Adopt a No-Knee Impact Workout for Less Stress on the Joints

If you have knee pain, you need a no-knee impact workout.

Knee pain is no joke. Make sure you practice a no-knee impact workout.

Knee pain is actually very common. Let’s face it — we use our knees a lot! Due to how prone the knee is to injury, it is important to start a no-knee impact workout. Your instinct will be to just not exercise the knee at all, but that is not always wise. There are certain types of exercises that can help alleviate knee pain and strengthen the joints to help prevent future pain and injury down the road.

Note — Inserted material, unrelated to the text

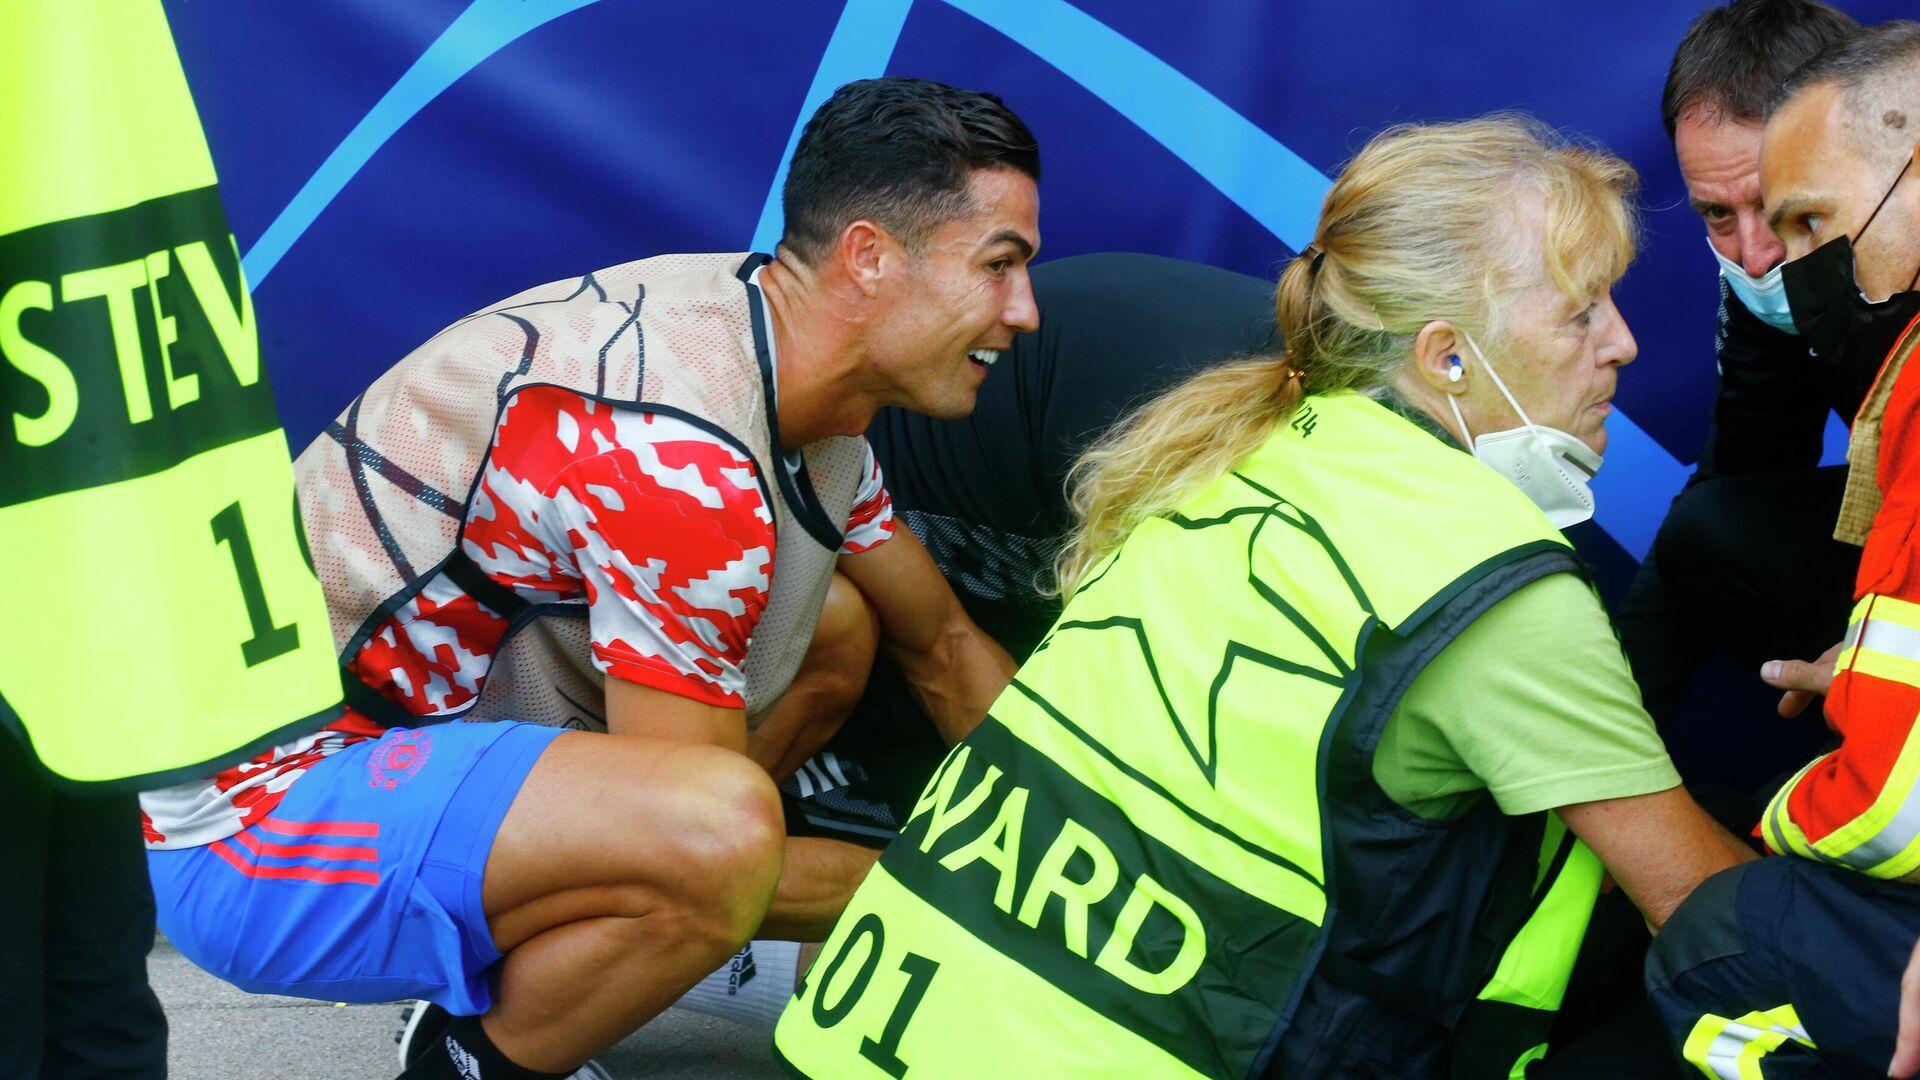 Криштиану Роналду сбил девушку-стюарда с ног ударом мяча во время разминки перед матчем ЛЧ - РИА Новости, 1920, 16.09.2021

Certain exercises help to alleviate knee pain and strengthen the joints.

health

Leg lifts

Lie down on the floor with your back flat. Keep your left leg straight and bend your right leg slightly at the knee, bringing your foot close to your body. Press your lower back toward the floor. Slowly lift your leg, without bending your knee, and keep your toes pointed toward the ceiling. Lift your left leg about 12 inches and hold for five seconds. Then slowly lower it back down. Switch sides.

Wall squats

This one is pretty easy and straightforward. Stand with your head, shoulders, back, and hips flat against the wall. Keep your feet about 24 inches from the wall and about a hip-width apart. Slide your back up and down against the wall until you are in a normal sitting position. Hold for five seconds and repeat.

Step exercises

Step exercises are a great way to strengthen your knees. Quite literally, it is just climbing steps. Use a sturdy platform no taller than six inches. Step on the stool with your right foot and allow your left foot to hang behind. Put your weight on your right foot and hold. Slowly lower your left foot and then follow with the right. Repeat.

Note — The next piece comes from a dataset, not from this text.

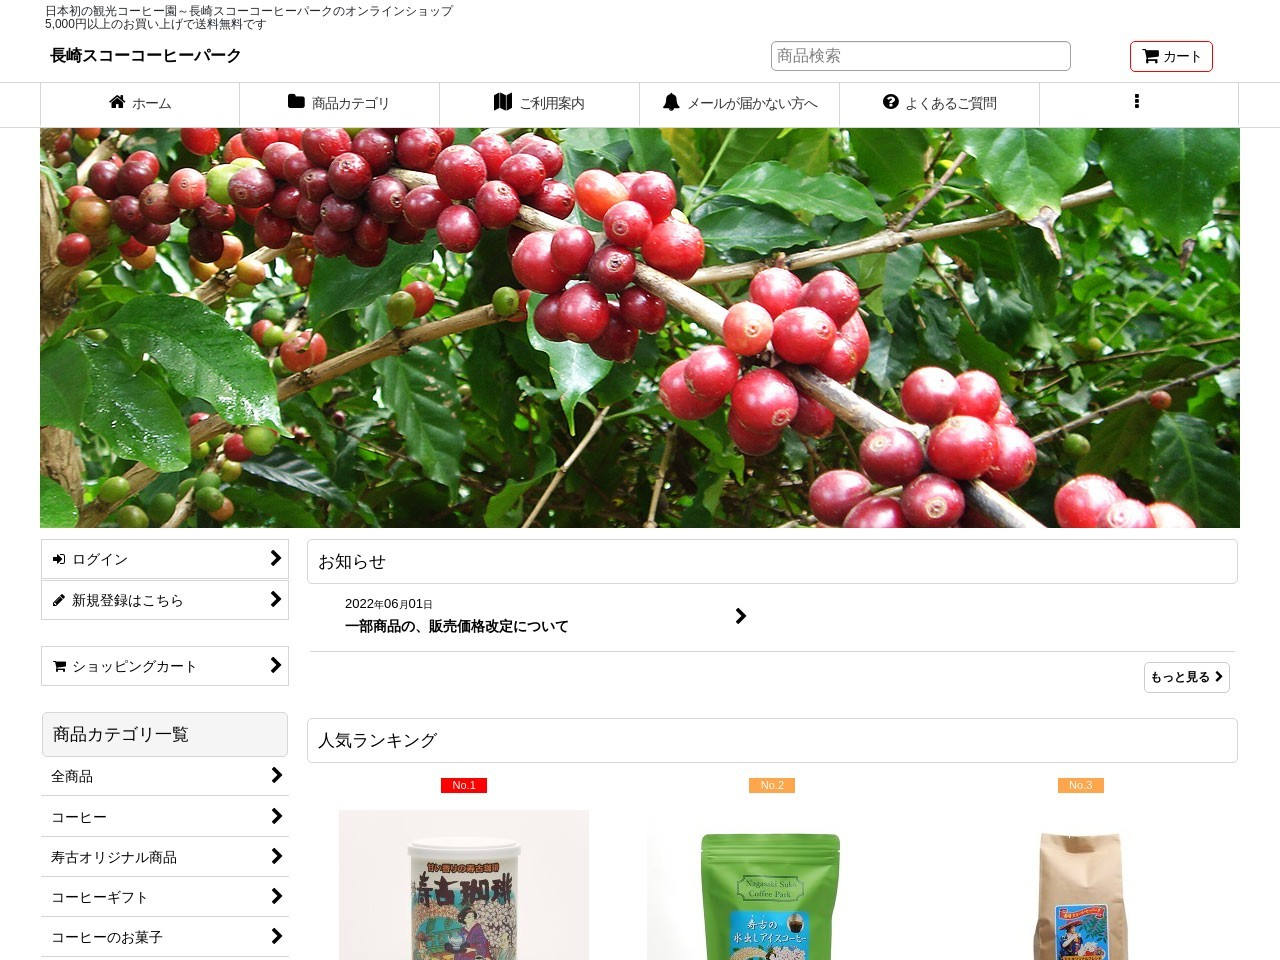 長崎スコーコーヒーパーク~日本初の観光コーヒー園 長崎・寿古コーヒーの名物ギフト

After a workout, it is important to stretch. Some great stretches that strengthen the knees are toe touches, the quadricep stretch, and the hamstring stretch. For the quadricep stretch, lift one foot behind your body and grab your ankle with the hand, keeping your back straight and knees together. Pull your heel close to the buttocks. Hold and repeat. For the hamstring stretch, simply bend at the hips with your feet about shoulder-width apart. Extend your right leg out and allow the left to bend. Slowly lower your chest downward and hold. Repeat.
After practicing these exercises for a short period of time, you will notice your knees aren’t experiencing the same amount of pain as they once did. Always consult with a doctor before starting a no-knee impact workout routine or if you start experiencing pain.